Among the 38 eligible trials, only 17 (44.7%) included information regarding patient ethnicity. Of the 2983 patients enrolled in all eligible trials, a total of only 346 (11.6%) Hispanic participants was reported. Among the 25 studies that included data on race, 14 included data on Hispanic participation. Of note, 3 studies that did not have racial data did provide data on Hispanic participation (Table 1).
Among the 17 trials that reported Hispanic participation, there were 346 Hispanic patients out of 1577 total enrolled patients with a participation rate of 21.9% compared to 74.8% of Caucasian participants among those including data on Caucasian participation. The 21.9% unadjusted pooled prevalence of Hispanic trial participants was similar to the 22.8% unadjusted pooled NAFLD Hispanic prevalence (990/4332 total patients) in the recent systematic review by Rich et al[3] (P = 0.365).

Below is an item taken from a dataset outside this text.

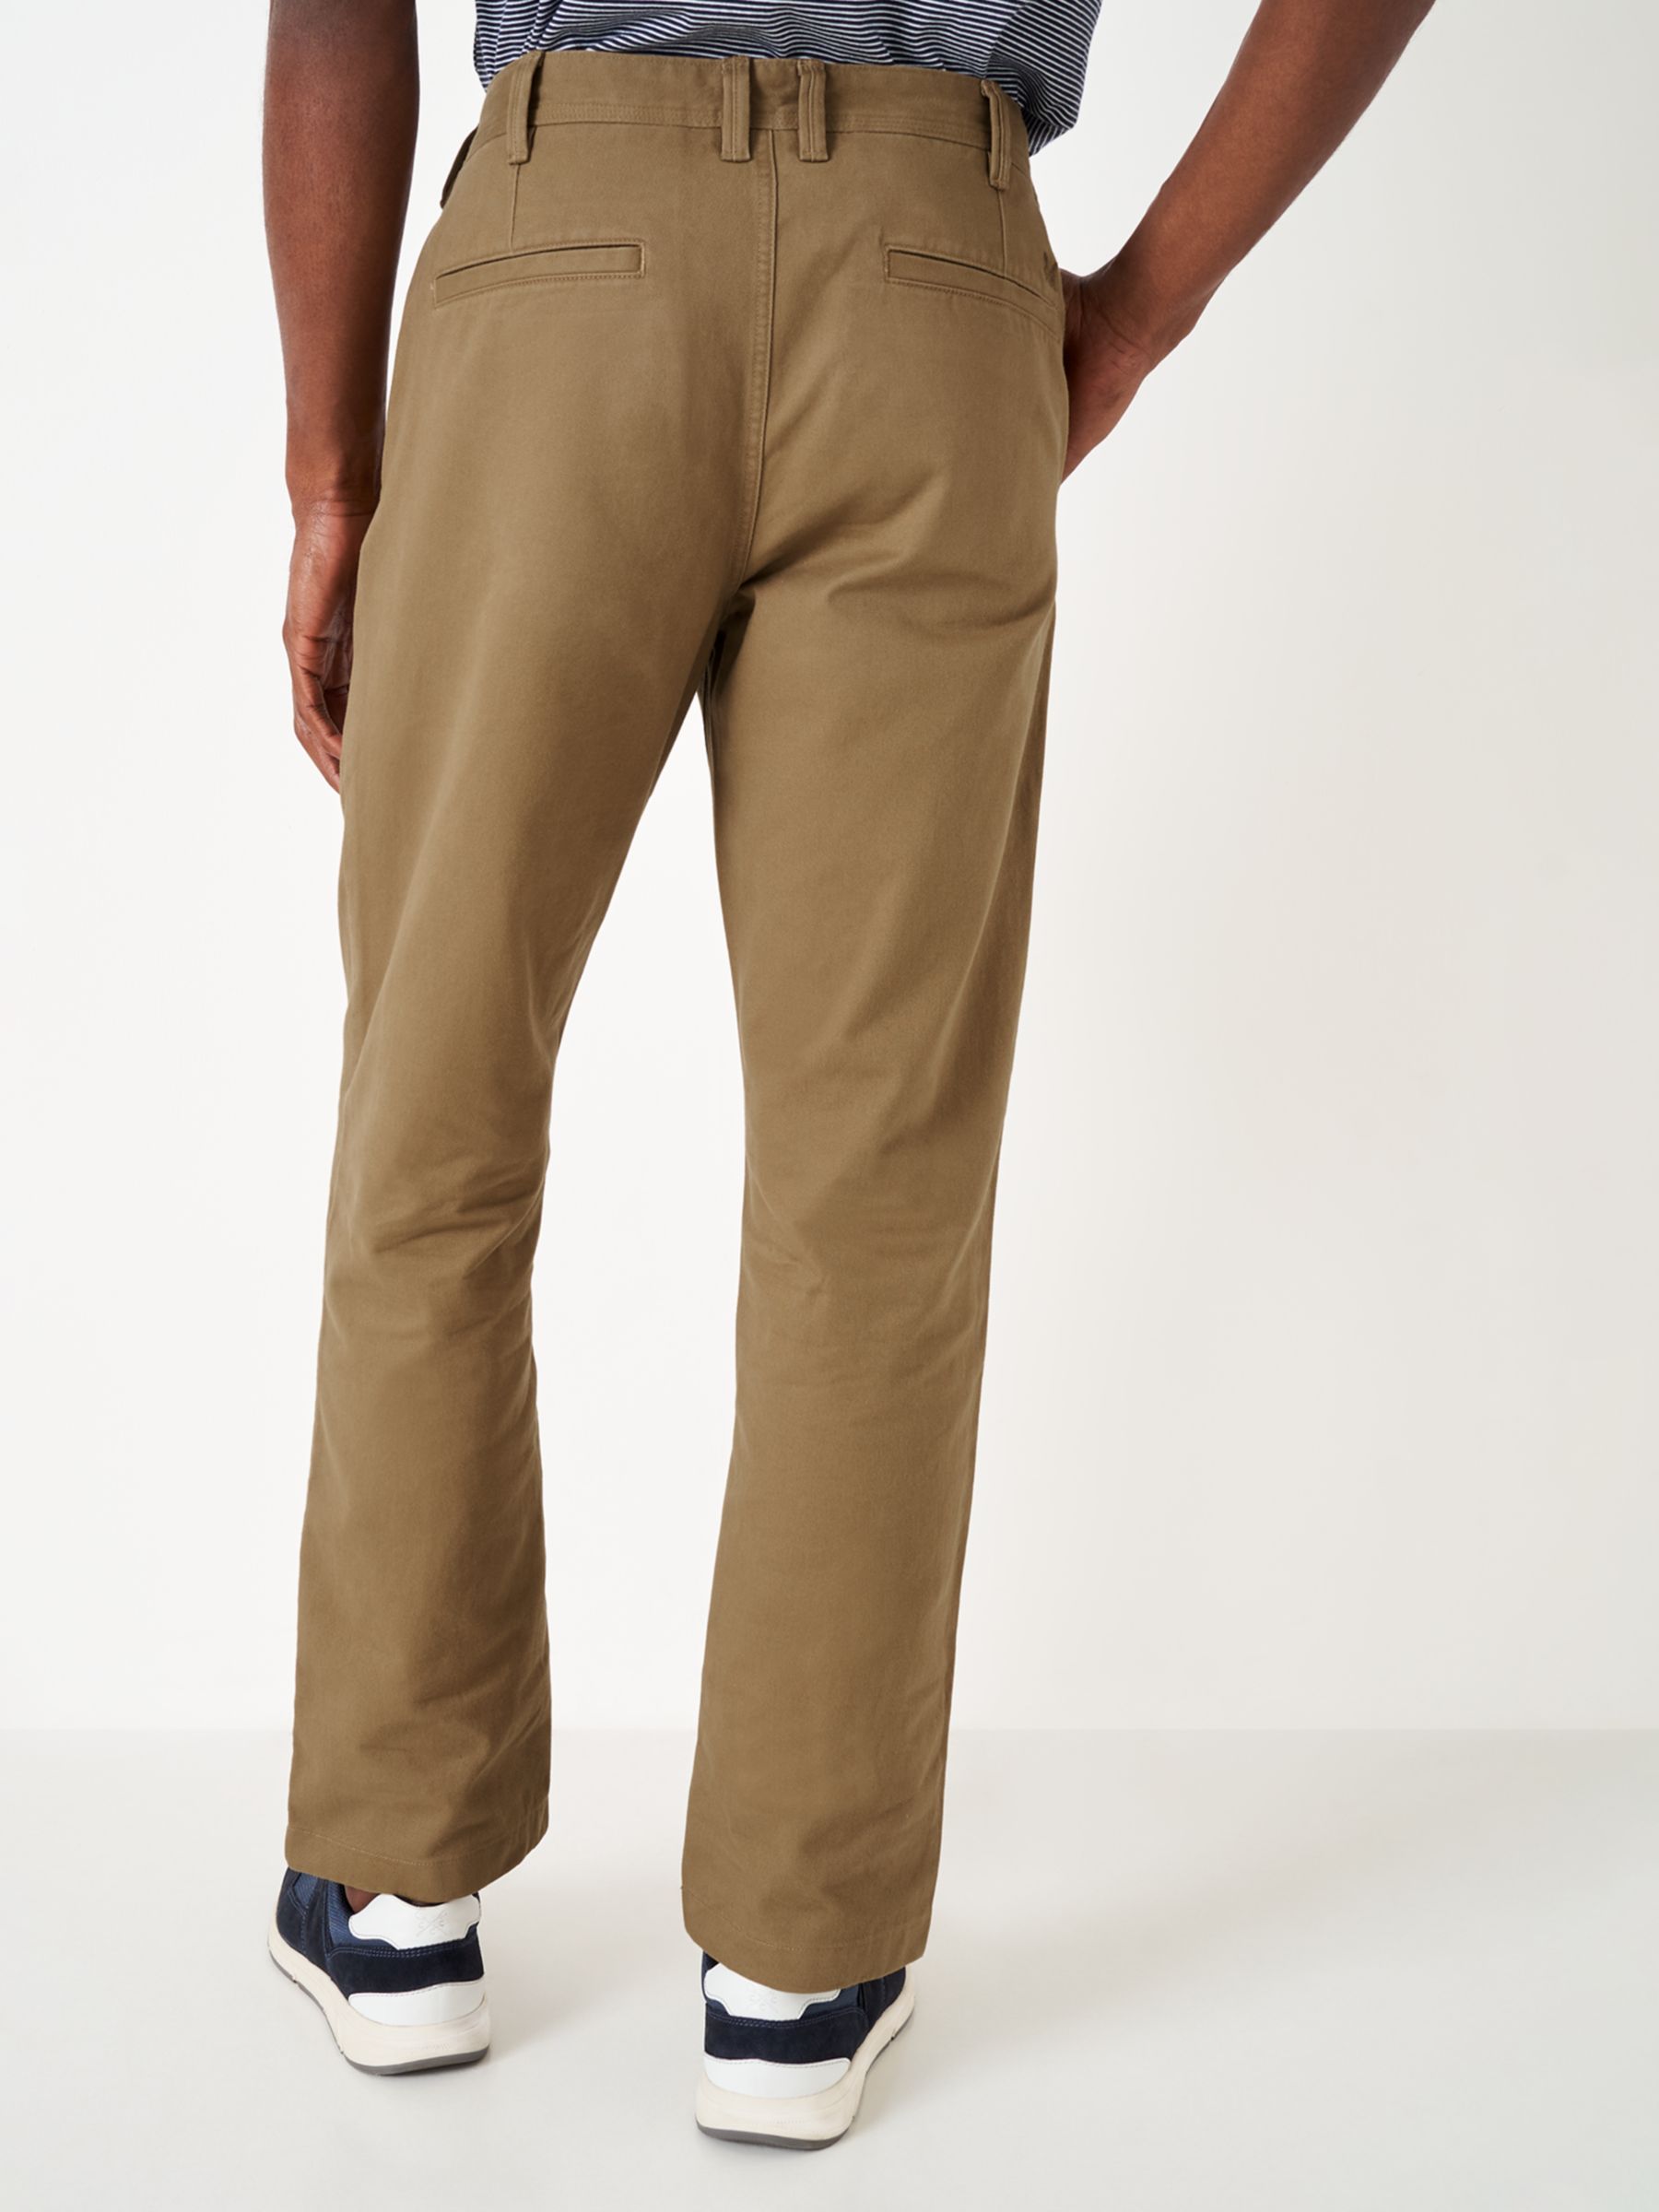 Buy Crew Clothing Cotton Vint Chinos Online at johnlewis.com

A meta-analysis was then performed to estimate pooled prevalence while taking heterogeneity of included studies into consideration. The pooled prevalence was found to be 24.3% [95% confidence interval (CI) 16.6-32.0] with significant heterogeneity (I2 = 94.6%) (Figure 2).

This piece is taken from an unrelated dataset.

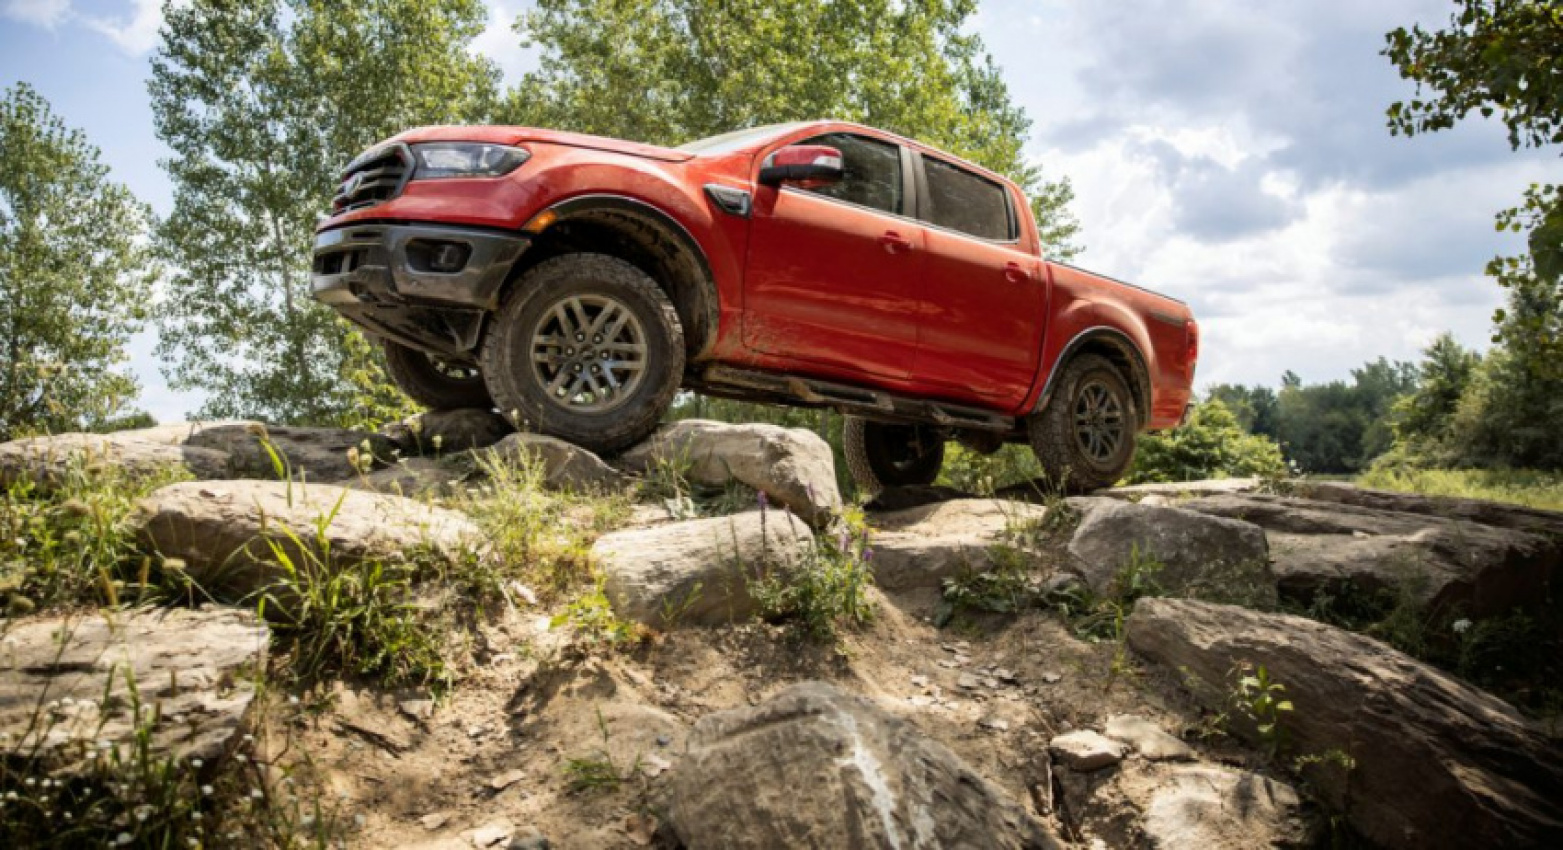 autos, cars, ford, ford ranger, midsize, ranger, truck, 6 favorite features of the 2022 ford ranger

Further sub-group meta-analyses were performed in patients with biopsy proven NASH and found Hispanic participation to be 24.7% (Table 2), considerably lower than the 45.4% prevalence of NASH in the Hispanic population found in the recent meta-analysis by Rich et al[3]. Caucasian and African American participation in studies using NASH as inclusion criteria, was slightly lower than those of NAFLD studies (67.3% vs 63.9% and 8.0% vs 2.7%, respectively).
| NASH | ||
| Prevalence (%) | 95%CI | |
| Hispanic | 24.7 | 9.1-40.4 |
| White persons | 63.9 | 42.4-85.5 |
| Black persons | 2.7 | 0.5-4.9 |
To determine if rates of Hispanic enrollment changed over time, studies conducted before and after 2015 were compared. The pooled prevalence of Hispanic patients in studies from 2005-2014 was 15%, compared to 37% for studies from 2015-2019. Trends in Hispanic study participation over time are displayed in Figure 3.

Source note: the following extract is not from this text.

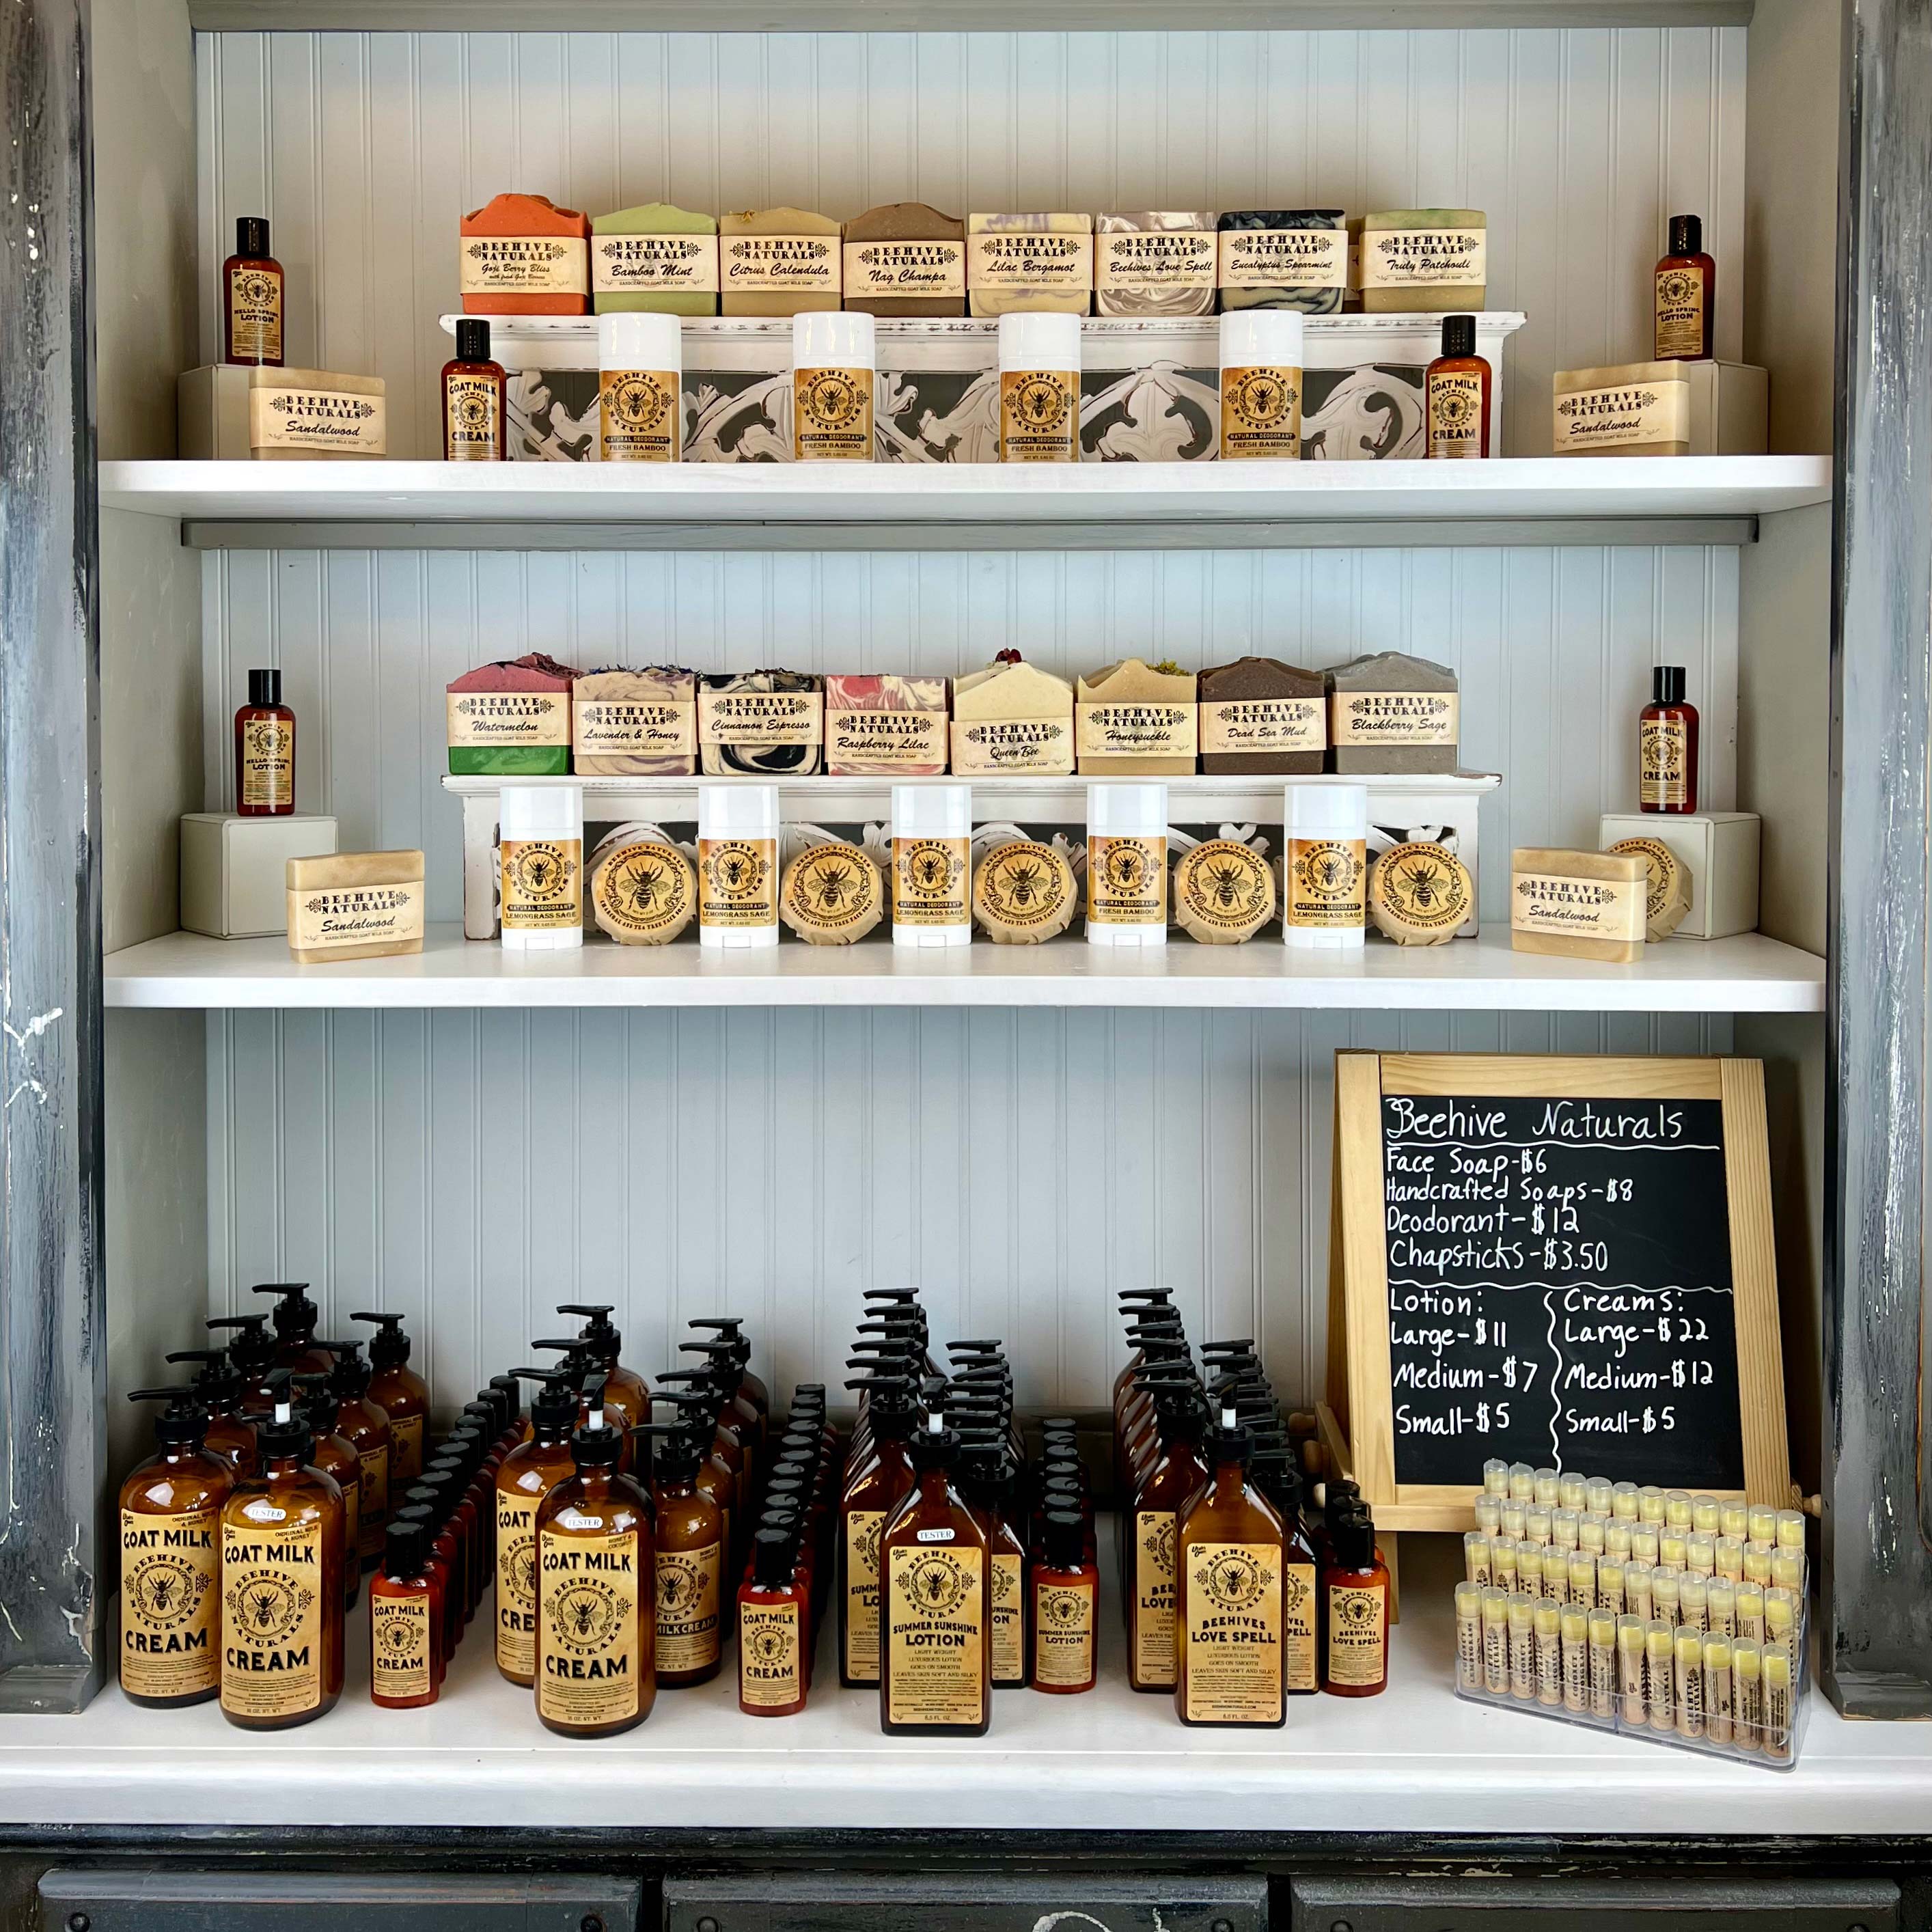 Coxs Honey Stand Beehive Naturals soap and lotions Beehive Naturals uses our beehive wax to produce one-of-a-kind handcrafted products. From soap to lotions.

The purpose of this systematic review and meta-analysis was to characterize the participation rate of Hispanic patients in clinical trials investigating therapies for NAFLD. Despite the importance of genetics and race in the prevalence of NAFLD, our results show that racial/ethnic demographic data are under-reported, with only 25 of 38 (66%) eligible clinical trials reporting race or ethnicity. Both the FDA and the National Institutes of Health (NIH) have published recommendations on how to report race and ethnicity data in clinical trials, however in practice these guidelines are not strictly followed or enforced[5,6]. Previous studies have demonstrated reporting of race/ethnicity to be similarly suboptimal in clinical trials across several specialties[7,8]. An analysis of clinical trial enrollment for several disease processes (spanning general medicine, oncology, cardiovascular disease, and infectious diseases) from 2009, found that 21% of studies failed to include racial or ethnic demographic data[7].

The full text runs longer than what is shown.